■ **To do**
You are asked to reproduce the listing exactly and to omit its pictures.

■ **Source data**
────

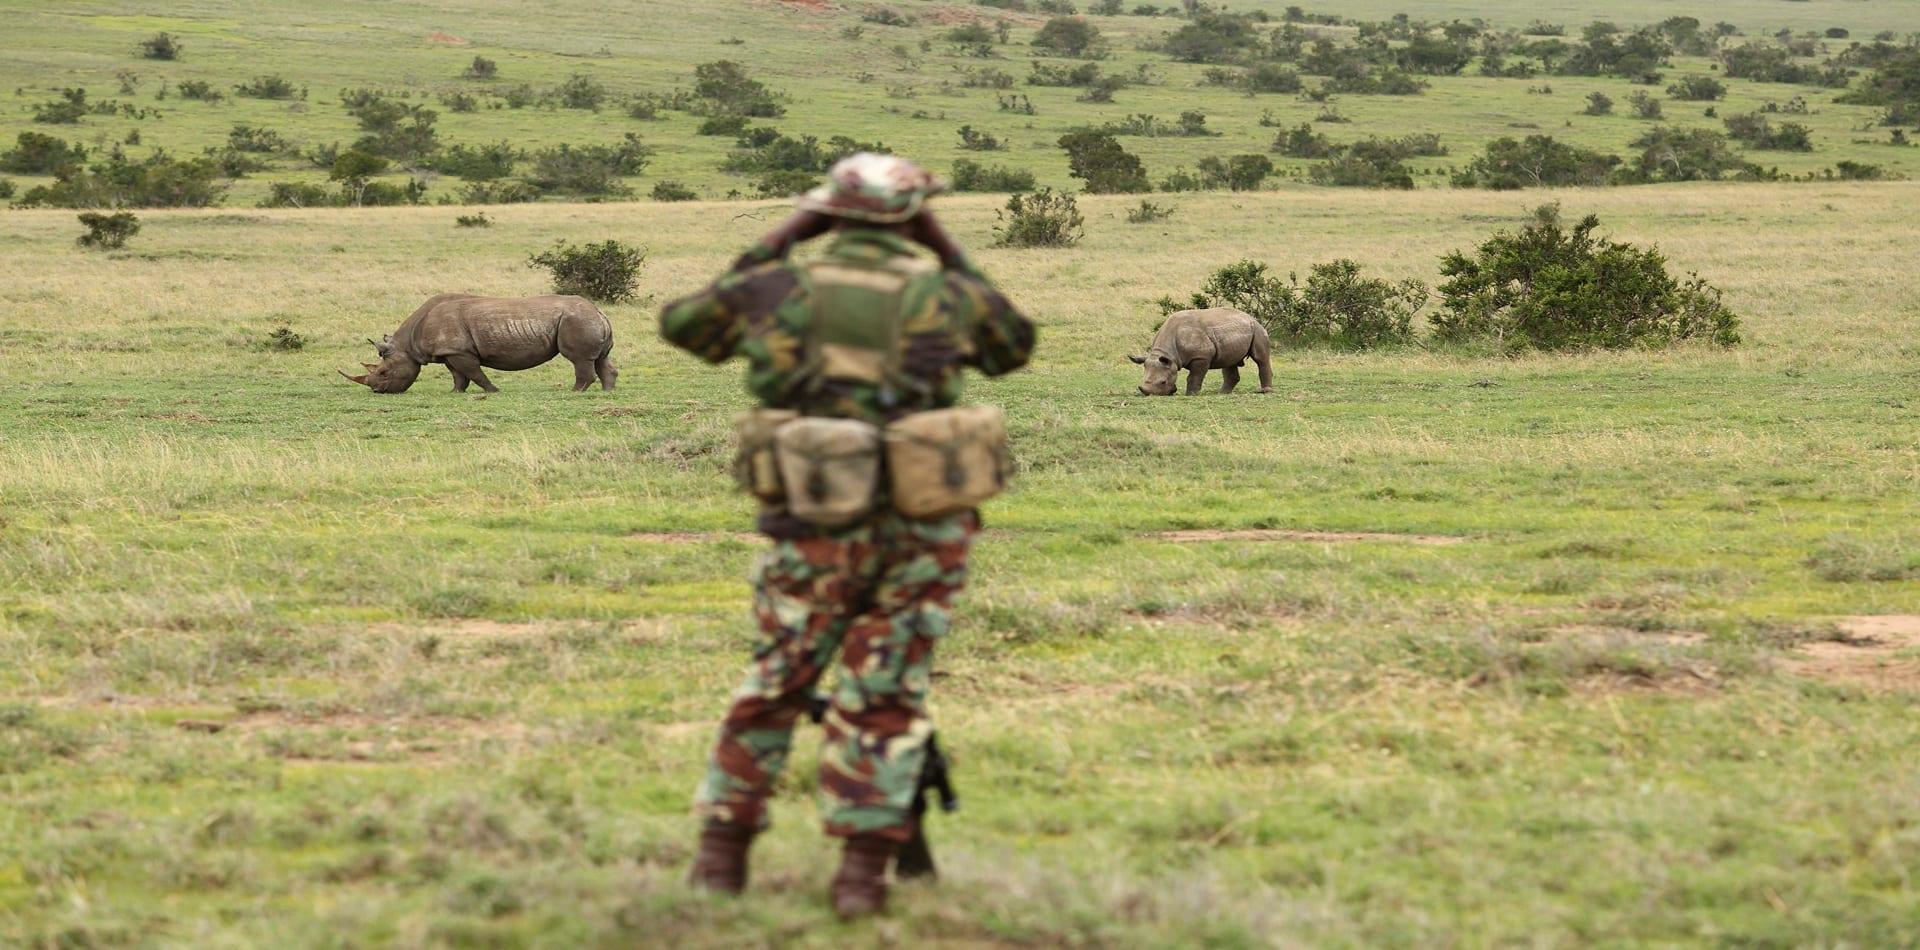 field ranger rhino conservation kenya
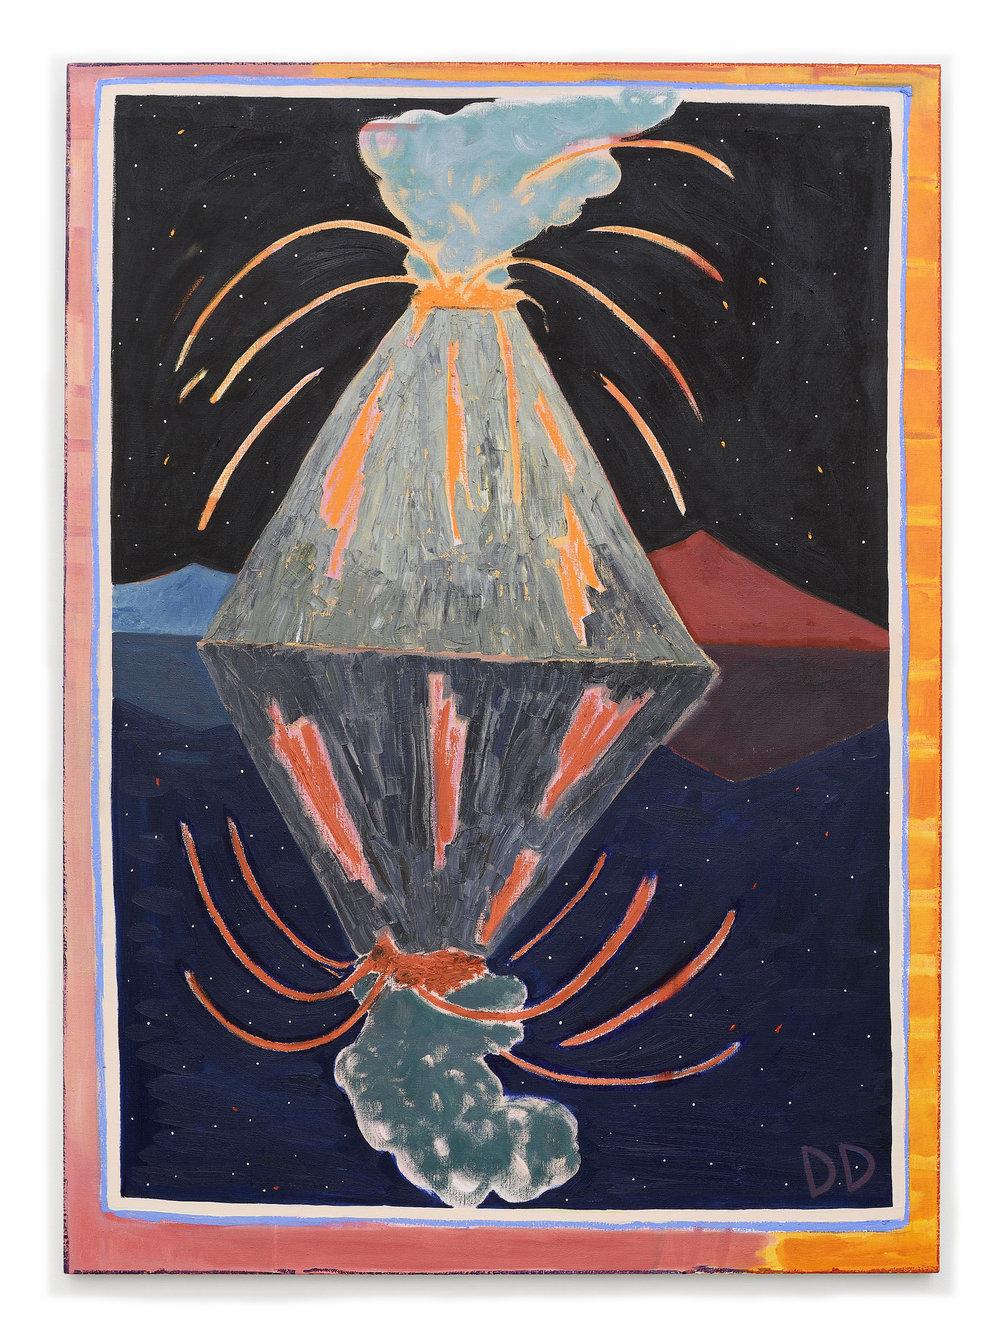 Underwater Cinder Cone  Oil on Flax  130 x 180 cm
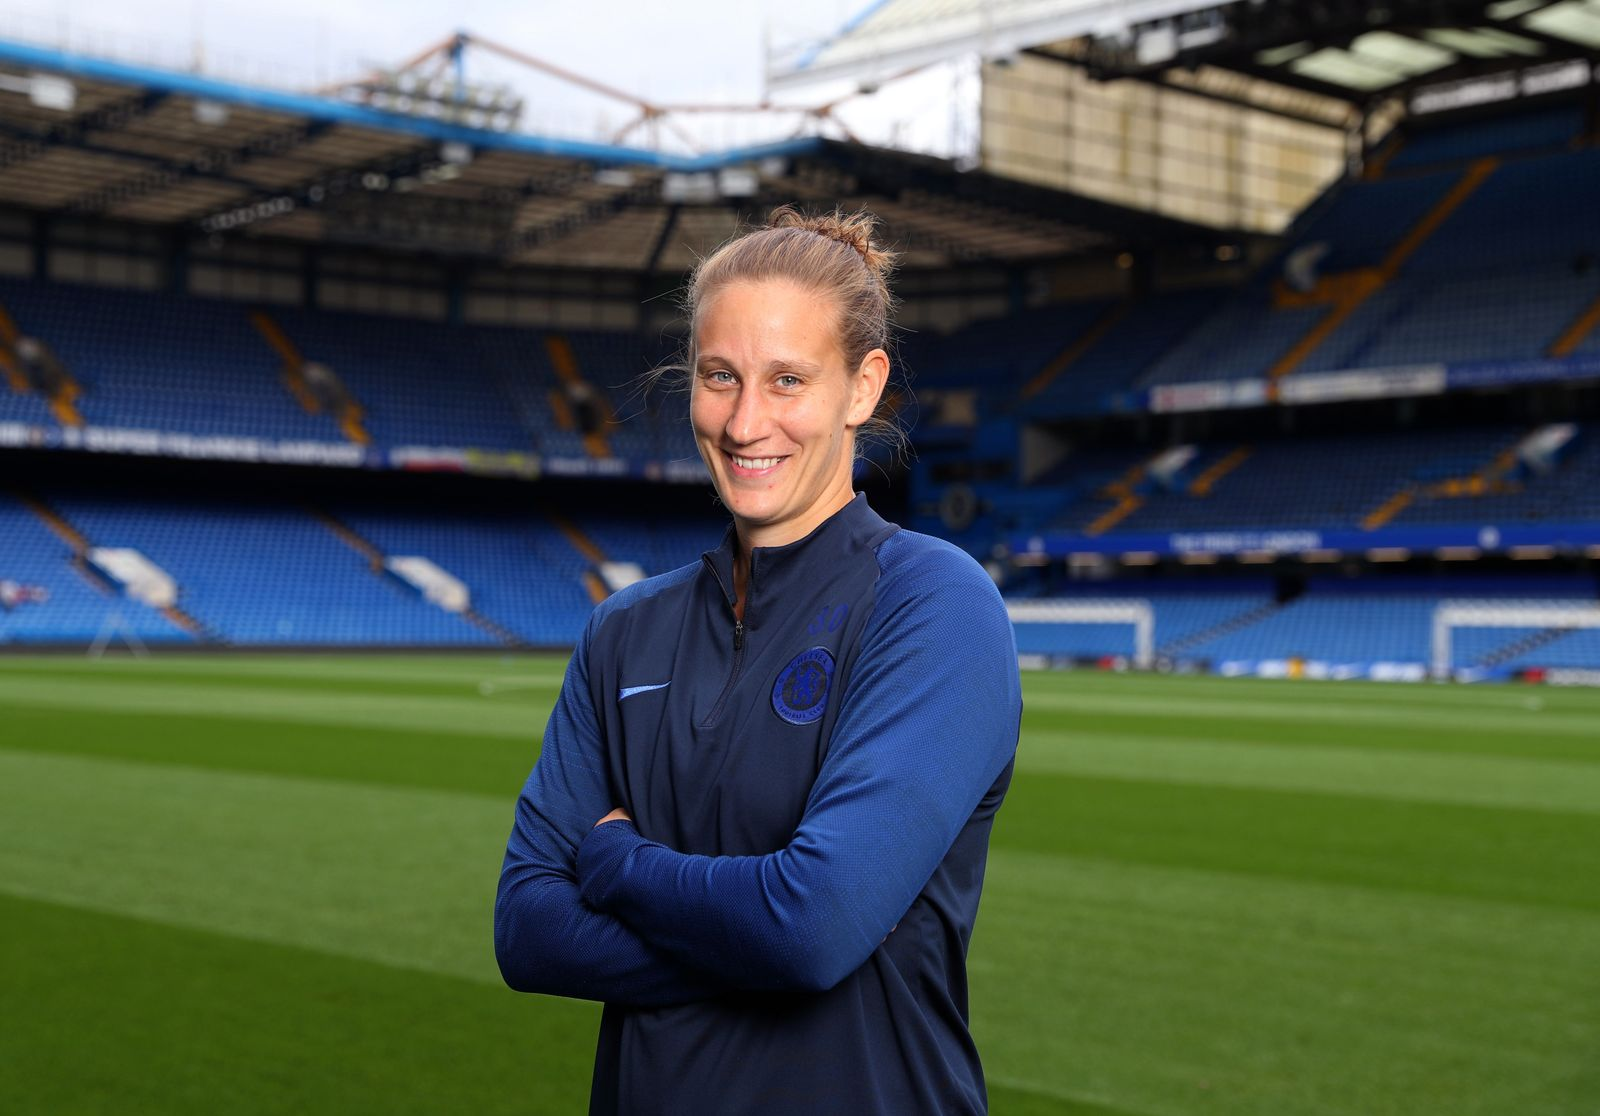 Chelsea FC Women Visit Stamford Bridge

────

■ **Task solution**
 field ranger rhino conservation kenya
 Underwater Cinder Cone  Oil on Flax  130 x 180 cm
 Chelsea FC Women Visit Stamford Bridge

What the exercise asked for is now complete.